EXERCISE DATA below:

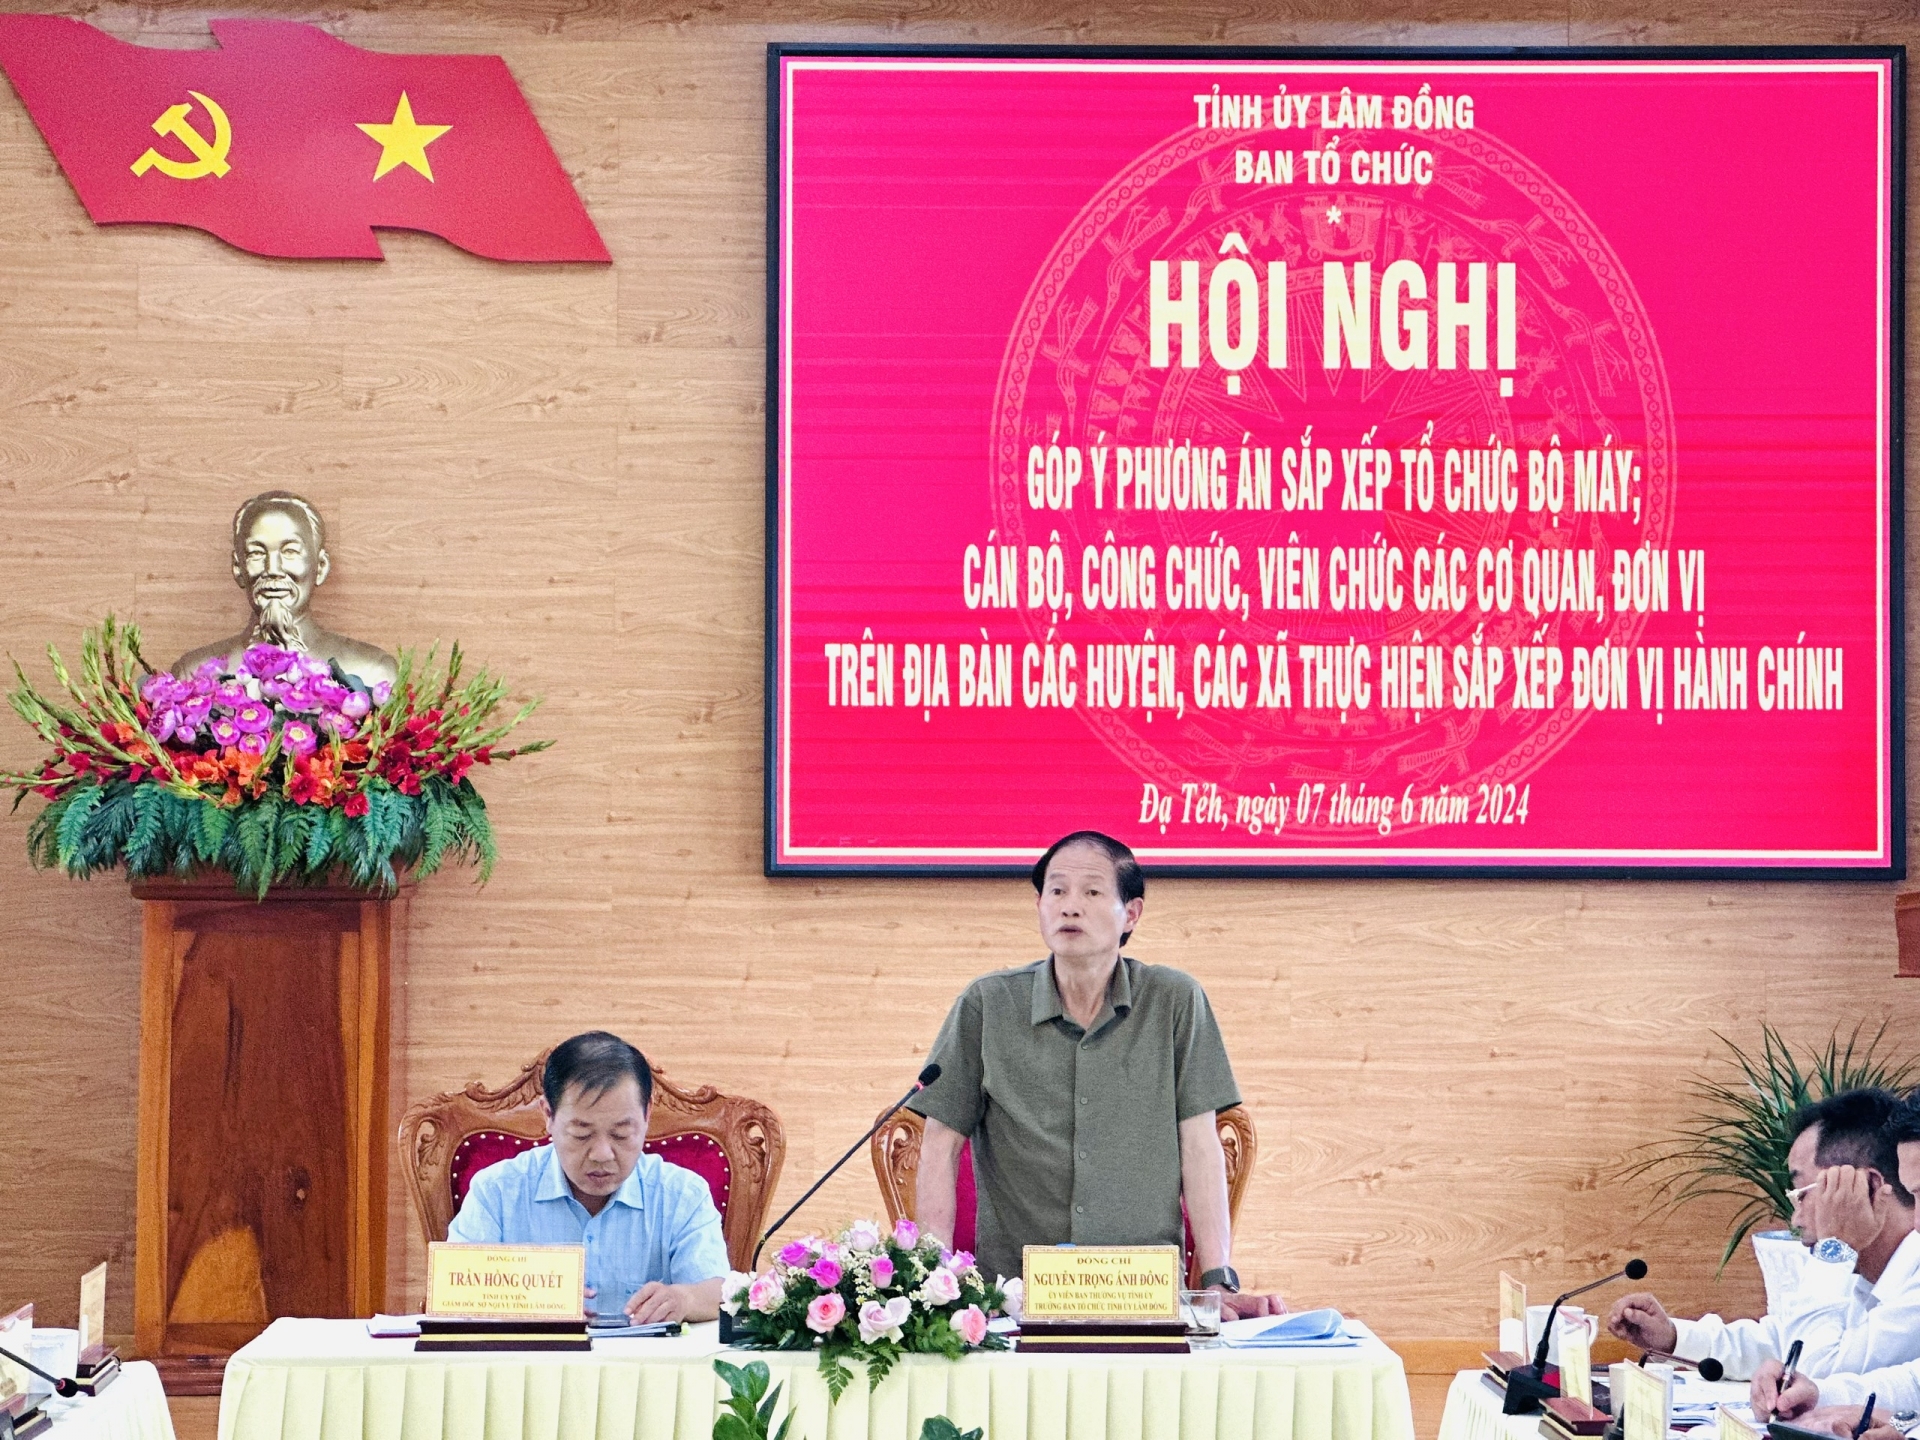 Đồng chí Nguyễn Trọng Ánh Đông - Ủy viên Ban Thường vụ, Trưởng ban Tổ chức Tỉnh ủy phát biểu kết luận Hội nghị
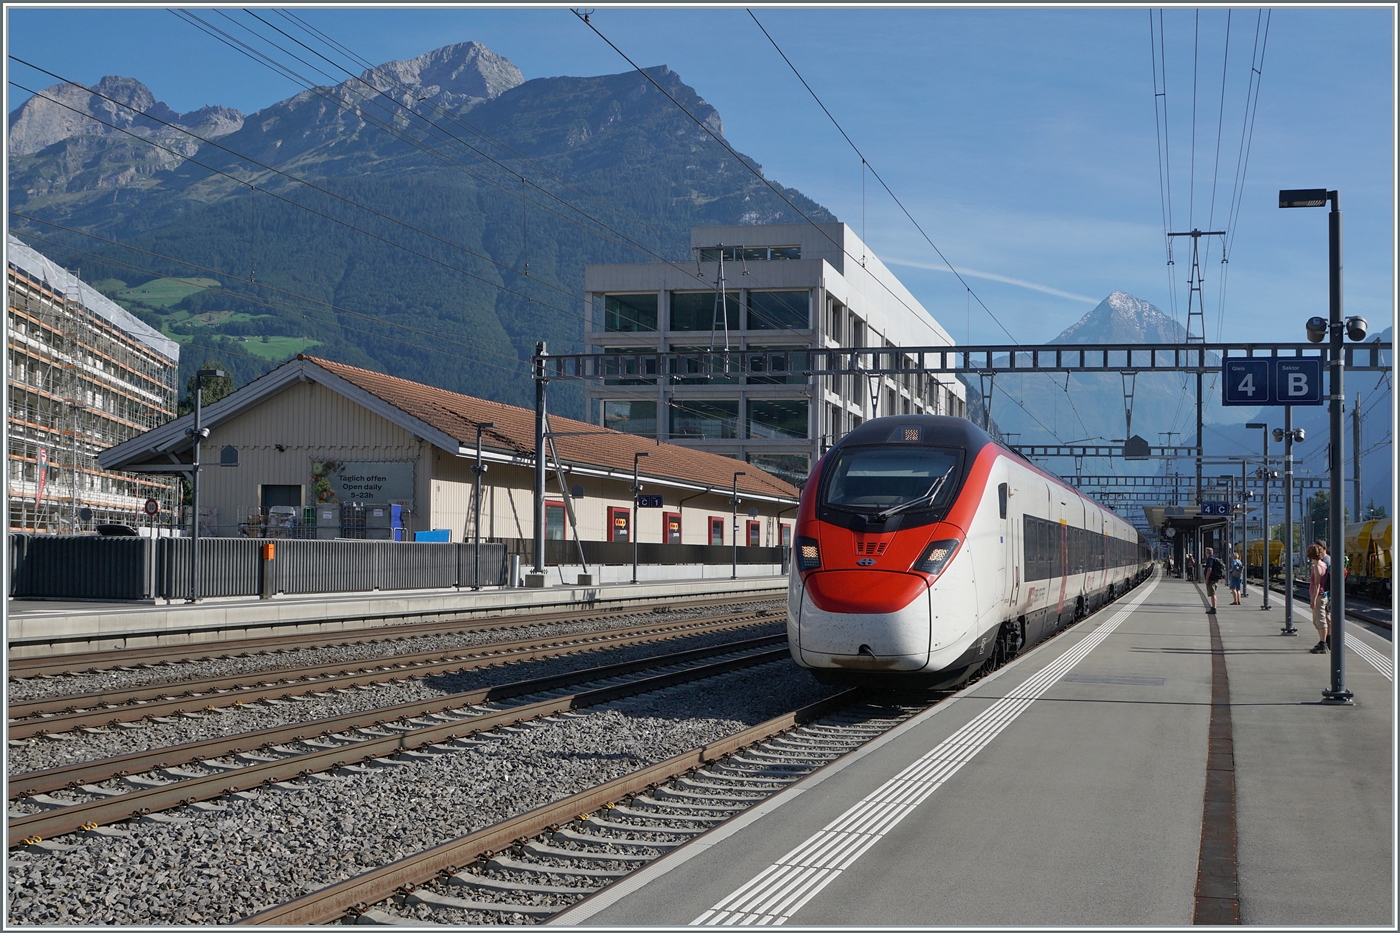 Der SBB  Giruno  RABe 501 016  ZUG  und ein weiterer auf dem Weg in Richtung Basel beim Halt in Altdorf.

4. Sept. 2023

End of EXERCISE DATA.

▶ AIM OF THE TASK
An exact reproduction of the material is needed, without its images.

▶ EXERCISE OUTPUT
 Đồng chí Nguyễn Trọng Ánh Đông - Ủy viên Ban Thường vụ, Trưởng ban Tổ chức Tỉnh ủy phát biểu kết luận Hội nghị
 Der SBB  Giruno  RABe 501 016  ZUG  und ein weiterer auf dem Weg in Richtung Basel beim Halt in Altdorf.

4. Sept. 2023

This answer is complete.